People v Cobb |
2020 NY Slip Op 04055 |
Decided on July 17, 2020 |
Appellate Division, Fourth Department |
Published by New York State Law Reporting Bureau pursuant to Judiciary Law § 431. |
This opinion is uncorrected and subject to revision before publication in the Official Reports. |
Decided on July 17, 2020 SUPREME COURT OF THE STATE OF NEW YORK Appellate Division, Fourth Judicial Department
PRESENT: SMITH, J.P., CARNI, NEMOYER, TROUTMAN, AND BANNISTER, JJ.
617 KA 19-00215
v
JAQUAN COBB, DEFENDANT-APPELLANT.
DAVID P. ELKOVITCH, AUBURN, FOR DEFENDANT-APPELLANT.
JON E. BUDELMANN, DISTRICT ATTORNEY, AUBURN (CHRISTOPHER T. VALDINA OF COUNSEL), FOR RESPONDENT.
Appeal from a judgment of the Cayuga County Court (Mark H. Fandrich, A.J.), rendered June 27, 2017. The judgment convicted defendant, upon a jury verdict, of promoting prison contraband in the first degree.
It is hereby ORDERED that the judgment so appealed from is unanimously reversed on the law and a new trial is granted.

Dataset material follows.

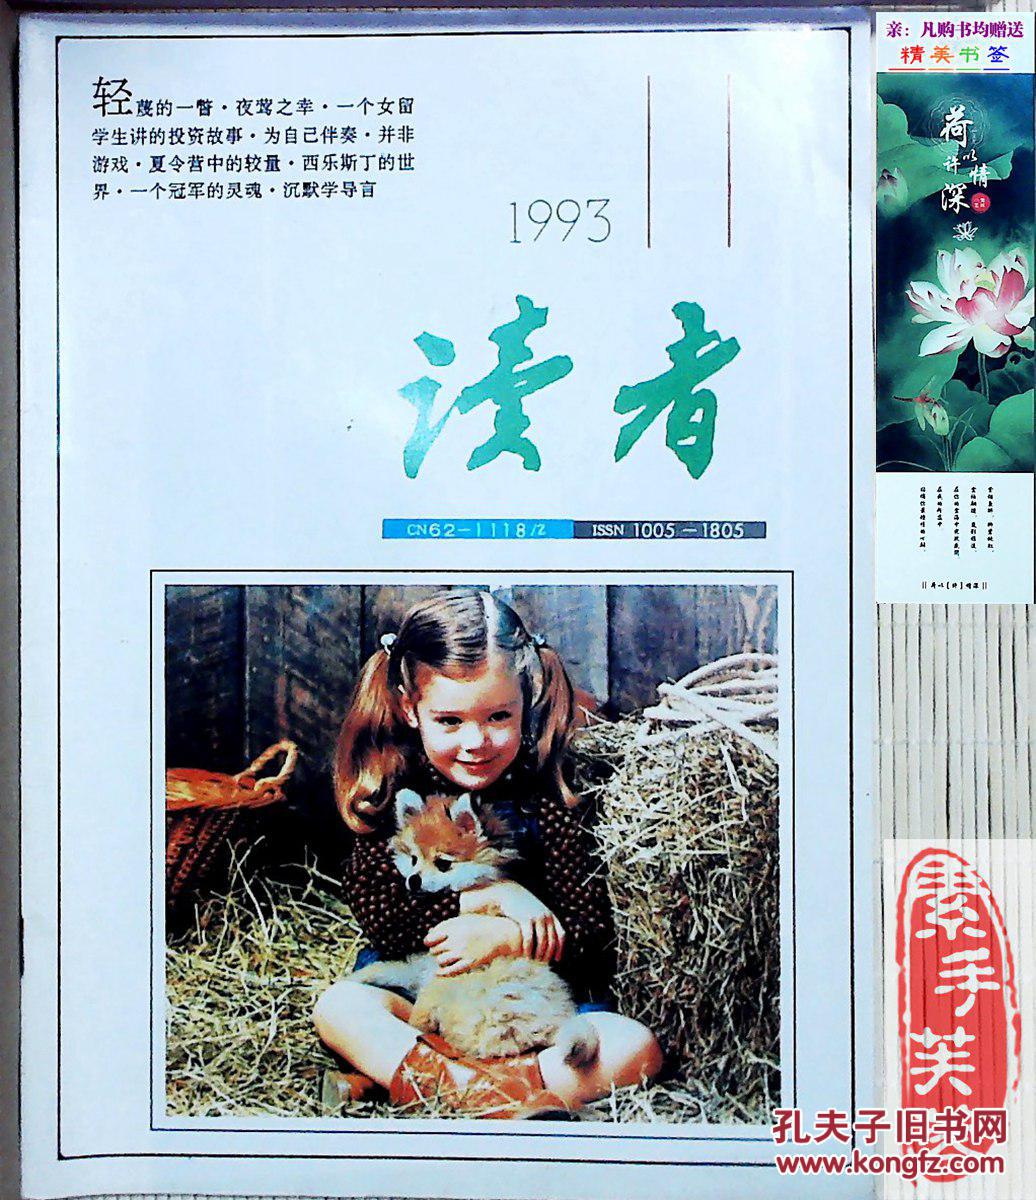 【图】《读者》杂志,1993年第11期--中国期刊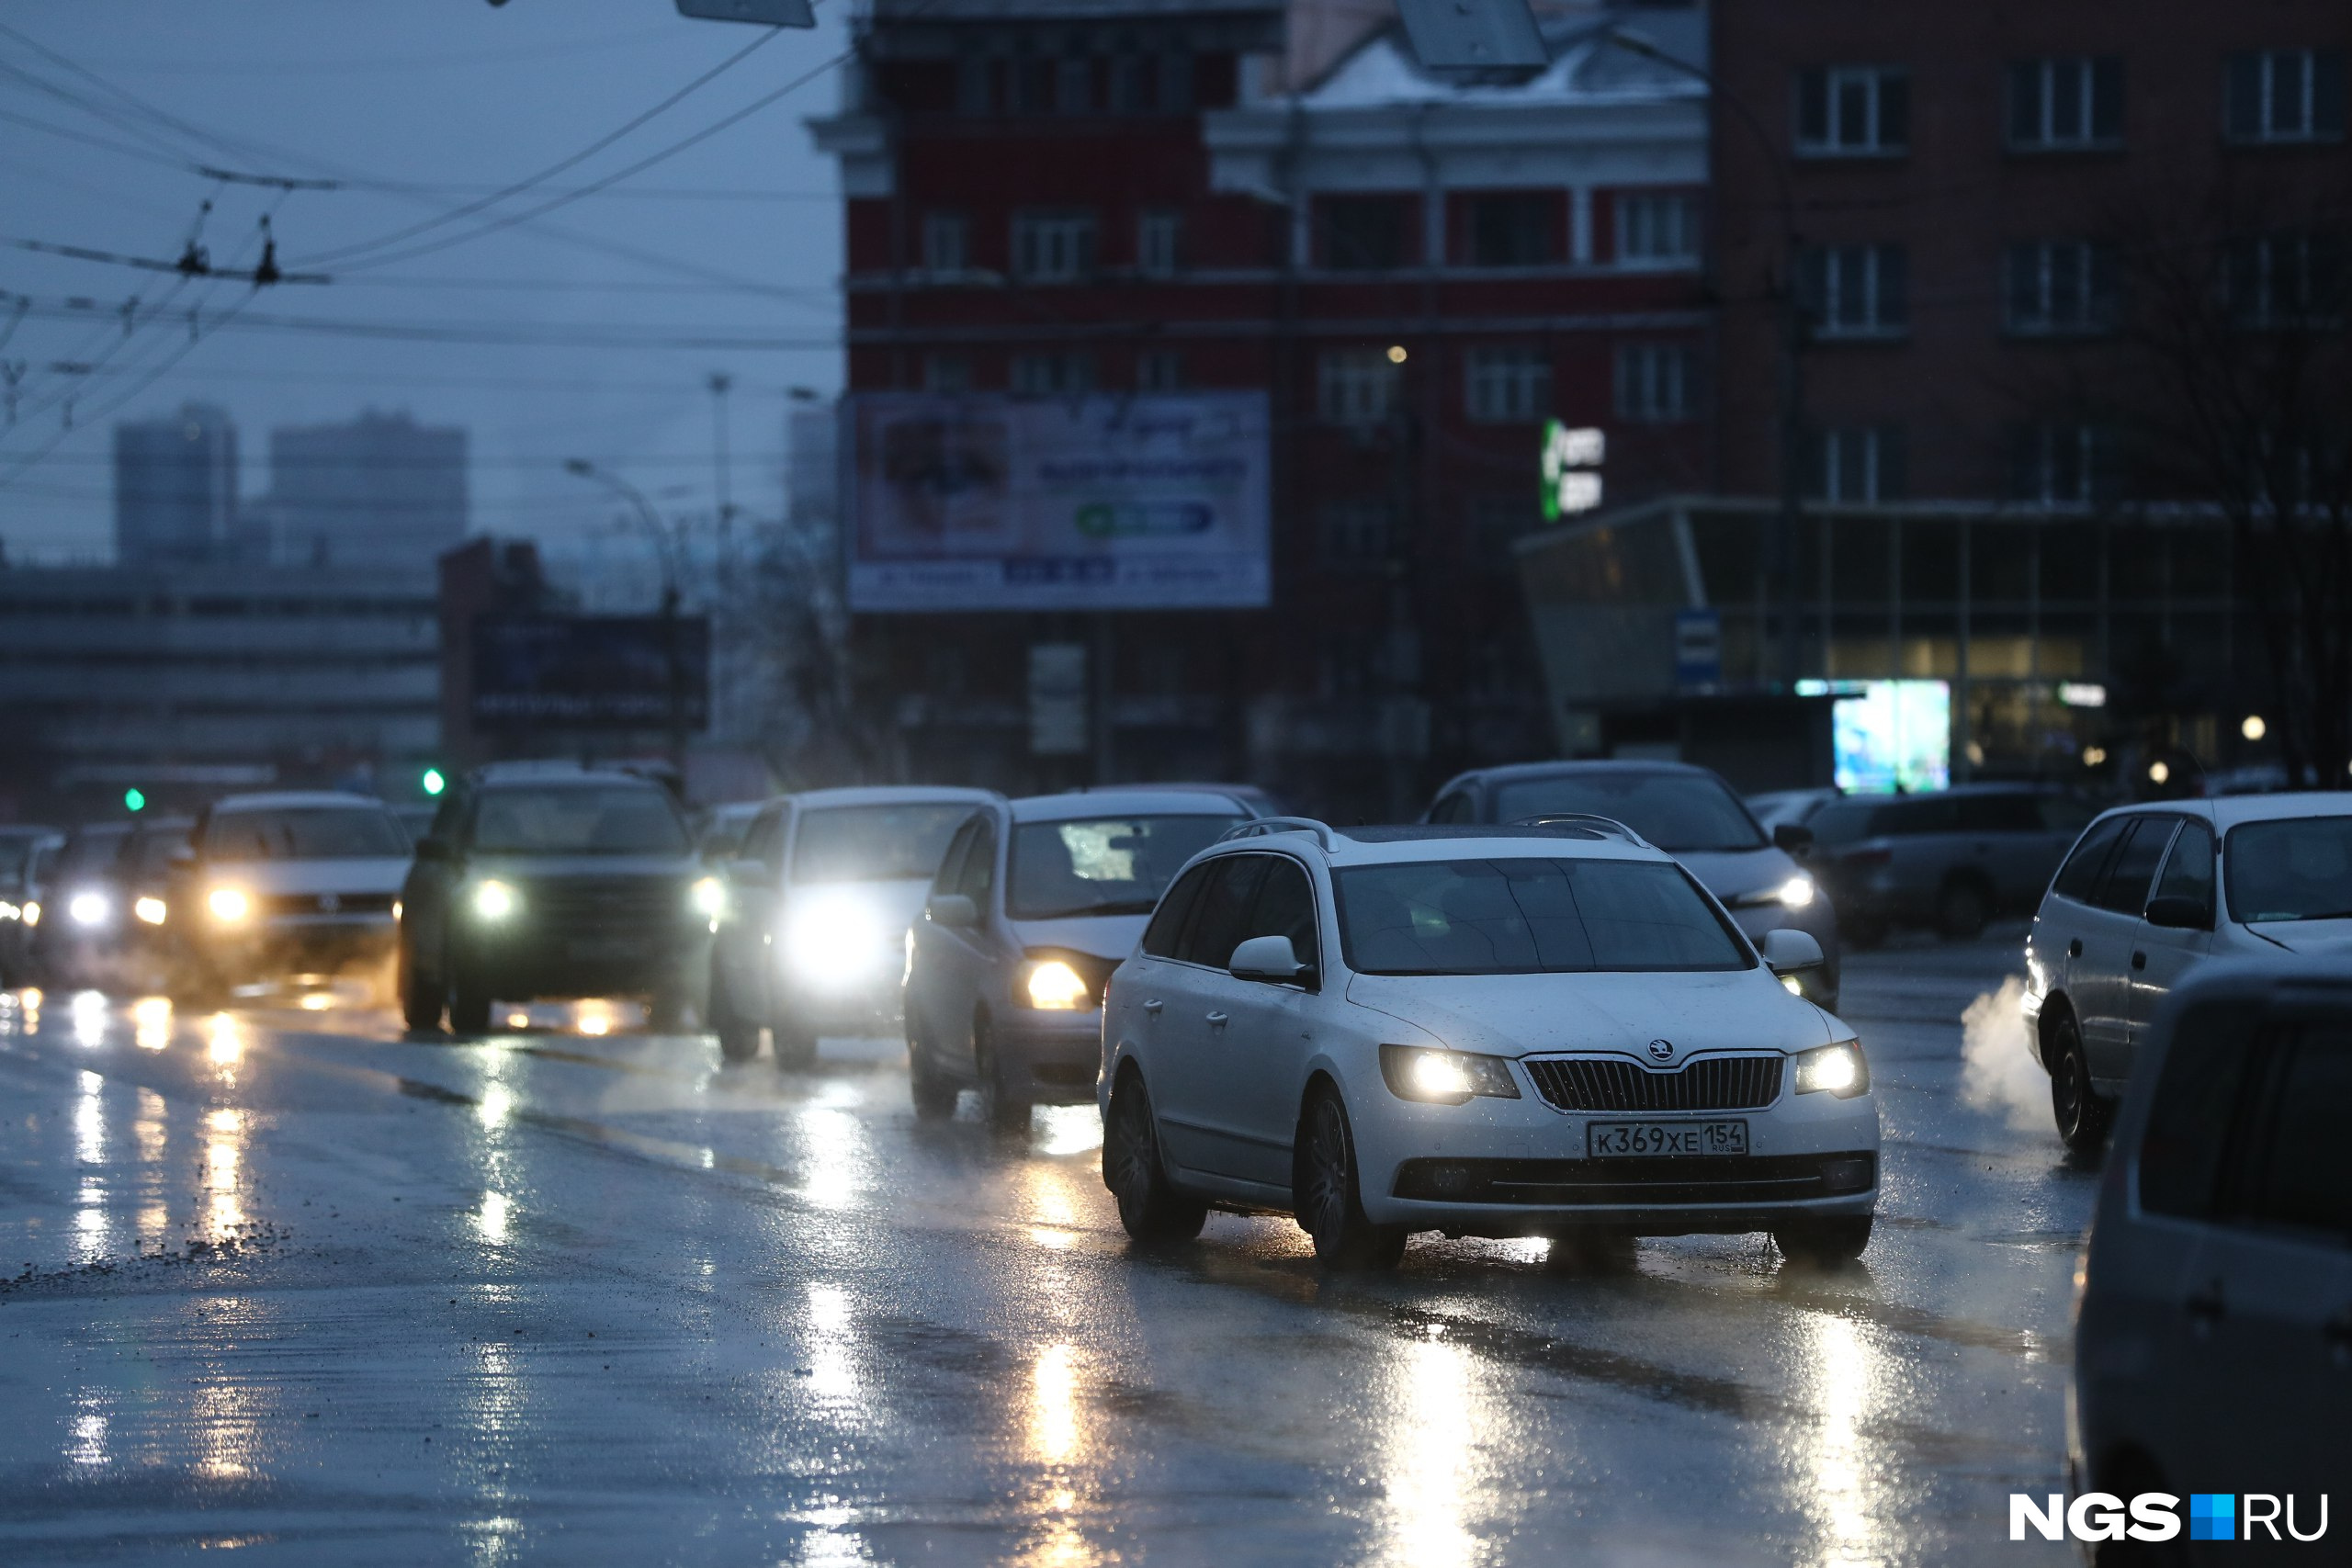 В воскресенье, 11 февраля, в Новосибирске обещают похолодание. Субботние лужи могут превратиться в каток

Memorandum: Defendant appeals from a judgment, rendered upon a jury verdict, convicting defendant of promoting prison contraband in the first degree (Penal Law § 205.25 [2]). We agree with defendant that County Court erred in denying defendant's challenge for cause to prospective juror number 6 (prospective juror).
"It is well established that prospective jurors who give some indication of bias but do not provide an unequivocal assurance of impartiality must be excused for cause' " (People v Hernandez, 174 AD3d 1352, 1353 [4th Dept 2019], quoting People v Nicholas, 98 NY2d 749, 750 [2002]; see People v Arnold, 96 NY2d 358, 362 [2001]; People v Johnson, 94 NY2d 600, 614 [2000]). Here, the prospective juror gave "some indication of bias" (Nicholas, 98 NY2d at 750) by stating that her friendship with a prosecution witness "might" "affect [her] ability to be fair and impartial in this case" and that serving as a juror "might be awkward" in light of that friendship (see People v Malloy, 137 AD3d 1304, 1305 [2d Dept 2016], lv dismissed 27 NY3d 1135 [2016]; People v Walton, 51 AD3d 1148, 1148 [3d Dept 2008]; People v Moorer, 77 AD2d 575, 576 [2d Dept 1980]; cf. People v Collazo, 294 AD2d 102, 103 [1st Dept 2002], lv denied 98 NY2d 767 [2002]).
Contrary to the court's determination, the prospective juror did not give an unequivocal assurance of impartiality by merely stating, during follow-up questioning, that she would not feel compelled to "answer" to the witness for her verdict. The fact that a prospective juror would not feel compelled to answer to another person for their verdict does not necessarily mean that such prospective juror "can be fair" (Arnold, 96 NY2d at 362 [emphasis added]). Indeed, a person could be unable to judge a case impartially while simultaneously being confident that he or she would not have to answer for the verdict to any other person. Thus, the prospective juror's assurances that she would not feel compelled to answer to the witness for her verdict does not constitute the unequivocal assurance of impartiality required by law.
Inasmuch as defendant peremptorily challenged the prospective juror and thereafter exhausted all available peremptory challenges, we must reverse the judgment and grant defendant a new trial (see CPL 270.20 [2]; People v Mateo, 21 AD3d 1392, 1392-1393 [4th Dept 2005]). Defendant's remaining contentions are academic in light of our determination.